Ebooks, yogurteras y muñecas hinchables

Enviado por Juan Manuel de Prada en Dom, 30/08/2015 - 5:38pm

 ¡Avanzad sin temor a la oscuridad! Luchad, luchad jinetes de Theoden, caerán las lanzas, se quebrarán los escudos, aún restará la espada... Rojo será día hasta el nacer del sol… ¡Cabalgad, galopad, cabalgad hasta la desolación y el fin del mundo! J. R. R. Tolkien (El Señor de los Anillos)
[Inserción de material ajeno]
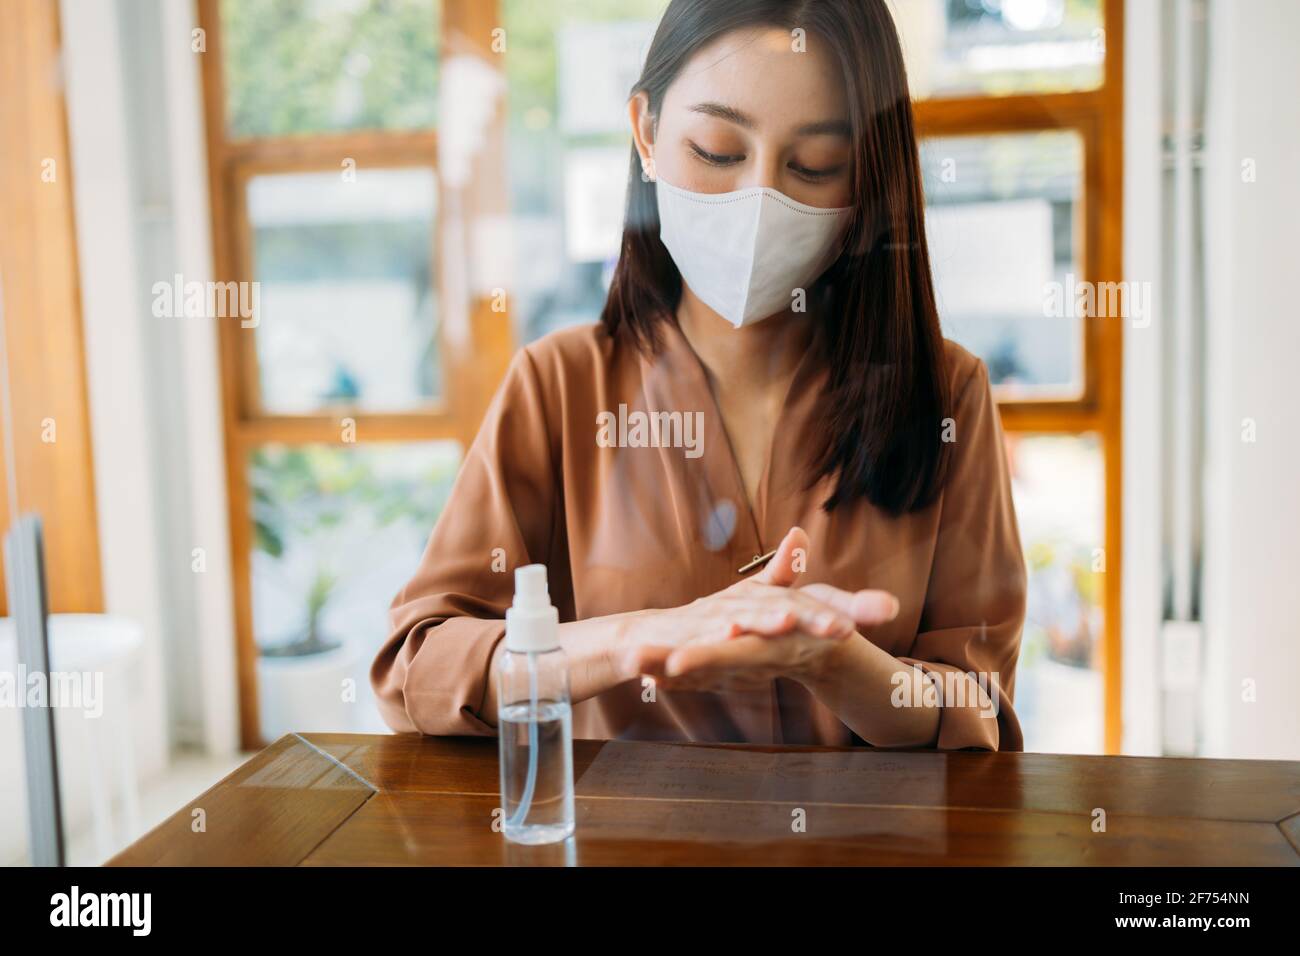 Junge asiatische Frau trägt covid-19 Gesichtsschutz Maske und Waschen Und die Desinfektion von Händen mit einem medizinischen Händedesinfektionsmittel aus Sicherheitsgründen Und Vorsorge gegen Viren Stockfoto

Antaño, para provocar las iras de los biempensantes, tenías que atreverte a ser un hereje furioso o un anarquista desgañitado. Hogaño, basta con que despotriques contra el interné, o contra el libro electrónico, o contra cualquiera de los cacharritos con que nos obligan a anestesiar el dolor de vivir una vida sin sentido. Pues nuestra época no admite que nadie ose discutir sus adelantos tecnológicos de baratillo, que son la religión y la patria de las masas sin Dios y sin tierra, porque son los que les garantizan “ocio cultural” pirateado, pajillas low cost y vomitona de exabruptos retuiteados, esas felicísimas delicias que las mantienen apaciguadas. Muchas veces nos preguntan por el libro electrónico; y nosotros siempre despotricamos, para ira de los biempensantes, comparándolo con las yogurteras y las muñecas hinchables.
La gente de mi generación recordará las yogurteras, aquella “nueva tecnología” que causó furor entre nuestras madres. Las yogurteras hacían unos yogures en verdad nauseabundos, una papilla o vómito de leche agria que no había cristiano que se la tragase; pero durante unos años a todo el mundo le dio por decir absurdamente que no se notaba la diferencia entre los yogures de la yogurtera y los yogures de la tienda, y nuestras madres se reunían en conciliábulo para entonar sus loas y saborear sus yogures pestilentes y eméticos. Yo alucinaba con aquellas ponderaciones desquiciadas; y llegue a considerar seriamente si mi madre y sus amigas no habrían sido abducidas o suplantadas por alienígenas que las obligaban a venerar aquel artilugio infecto.
Pero hubo un día que la venda se les cayó de los ojos, y nuestras madres guardaron la malhadada yogurtera en el trastero, o directamente la echaron al cubo de la basura, y volvieron a comprar los yogures en la tienda de la esquina, para alivio de nuestro paladar y de nuestras tripas. Pero, entretanto, los mandantes que habían comercializado aquel cacharrito demente hicieron su agosto. Y lo mismo han logrado los mangantes del libro electrónico, haciéndonos creer que pasar los ojos por las pantallas de esos depósitos nerviosos y luminiscentes de libros pirateados es leer, que es como hacernos creer que ligar con una muñeca hinchable con la careta de Ava Gardner es como hacerlo con la propia Ava Gardner. En el colmo del cinismo y la maldad, estos mangantes han logrado también hacernos creer que la muñeca hinchable es mejor incluso que Ava Gardner porque, cuando acabas de ligártela, puedes desinflarla y meterla dobladita en un cajón, a diferencia de Ava Gardner, cuyas turgencias ocupan una barbaridad; y también nos han dicho que la ventaja de la muñeca hinchable es que puedes cambiarle la careta y ponérsela de Greta Garbo, o de Marilyn Monroe, o de Sofia Loren, al gusto del consumidor; y todo ello sin que tan variado gineceo nos ocupe ni un ápice de espacio en la casa. Y han conseguido incluso que estemos felicísimos con nuestra potrosa muñeca hinchable, haciéndonos creer que somos unos genuinos donjuanes y consiguiendo que olvidemos que la razón verdadera por la que nos conformamos con ligar con una muñeca hinchable es porque no podríamos invitar a cenar a Ava Gardner, ni albergarla en nuestra casa, que es un cuchitril.
Porque la maldad suma y refinadísima de estos mangantes consiste en lograr que abracemos como progreso tecnológico lo que no es sino un trampantojo con el que maquillan la penuria de nuestras vidas, confinadas en cuchitriles que no nos permiten tener una biblioteca de libros que se puedan leer, palpar y amar, libros que nos abriguen en el invierno y nos enamoren en la primavera con su bendito aroma de papel y tinta.